Indonesia plane crash: Lion Air jet was in no condition to fly - report

Investigators from Indonesia's National Transport Safety Committee (KNKT) have found that the Lion Air Boeing 737 Max plane which crashed into the Java Sea just after taking off from Jakarta on 29 October should never have been used as it was not airworthy.

In its findings which took aim at the carrier's poor
safety culture, the investigators said the plane should have been grounded after technical problems reported on earlier flights.

The plane was put back into service despite failing to fix a problem with the airspeed indicator in the days leading up to the fatal flight.

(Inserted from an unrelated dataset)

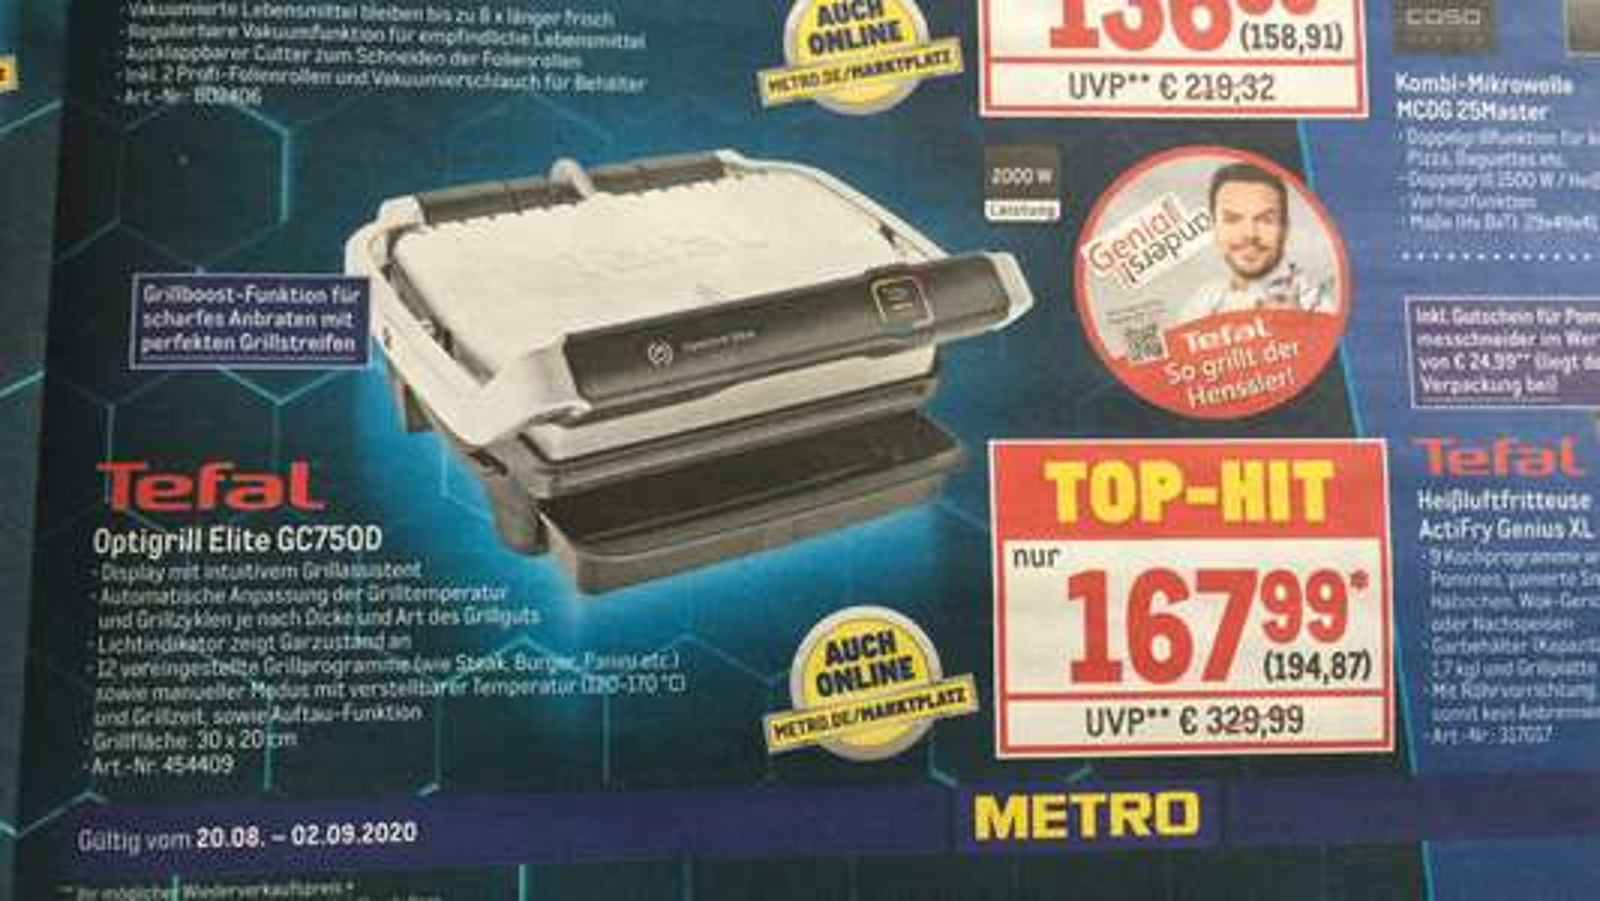 Tefal Optigrill Elite (GC 750D) // ohne Metrocard buchbar!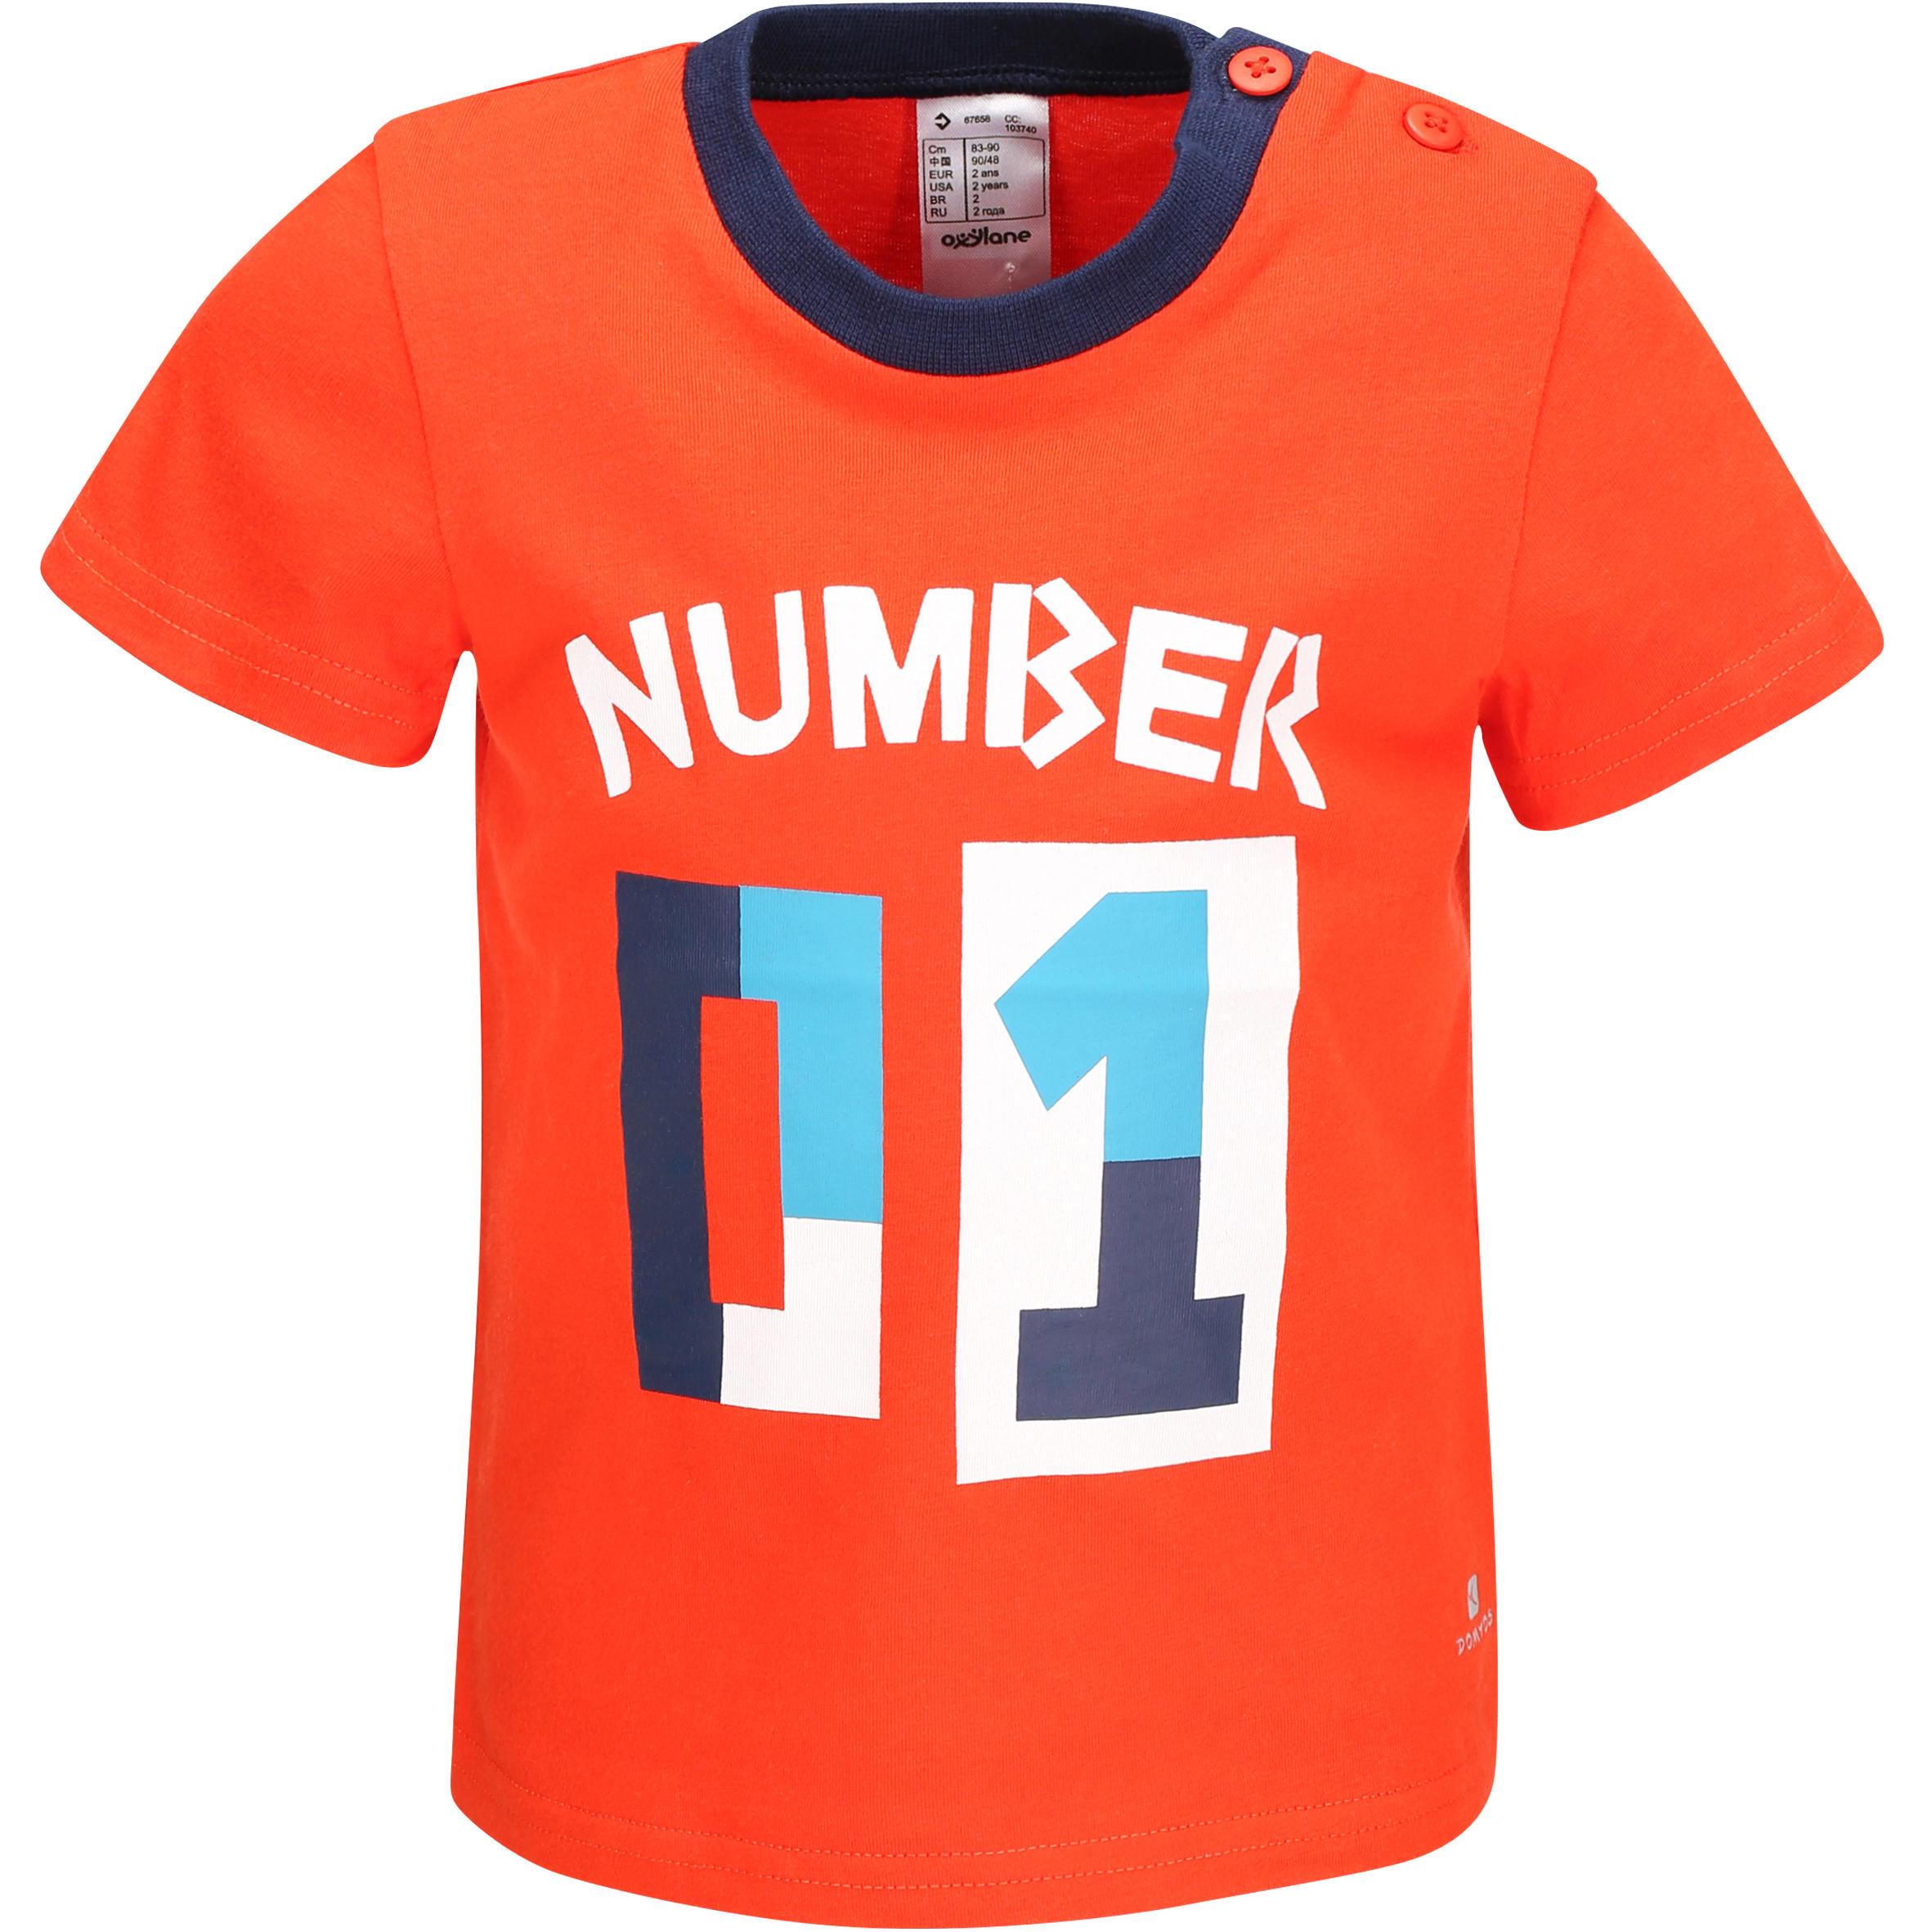 Baby Boys' Short-Sleeved T-Shirt - Merah

"During [that] flight, the plane was experiencing a technical problem but the pilot decided to continue," Nurcahyo Utomo, aviation head at the National Transport Safety Committee, told reporters.

"In our opinion, the plane was no longer airworthy and it should not have continued," he added.

The findings does not, however, identify exactly what caused the crash, which killed 189 people.

The flight data recorder has been retrieved but the Indonesian National Transportation Safety Committee are yet to locate the cockpit voice recorder which could provide more answers.

Lion must take steps "to improve the safety culture" and ensure "all the operation documents are properly filled and documented", the transport agency said.

Relatives of crash victims are suing Boeing over alleged faults with the jet's design, focusing on the automated safety feature.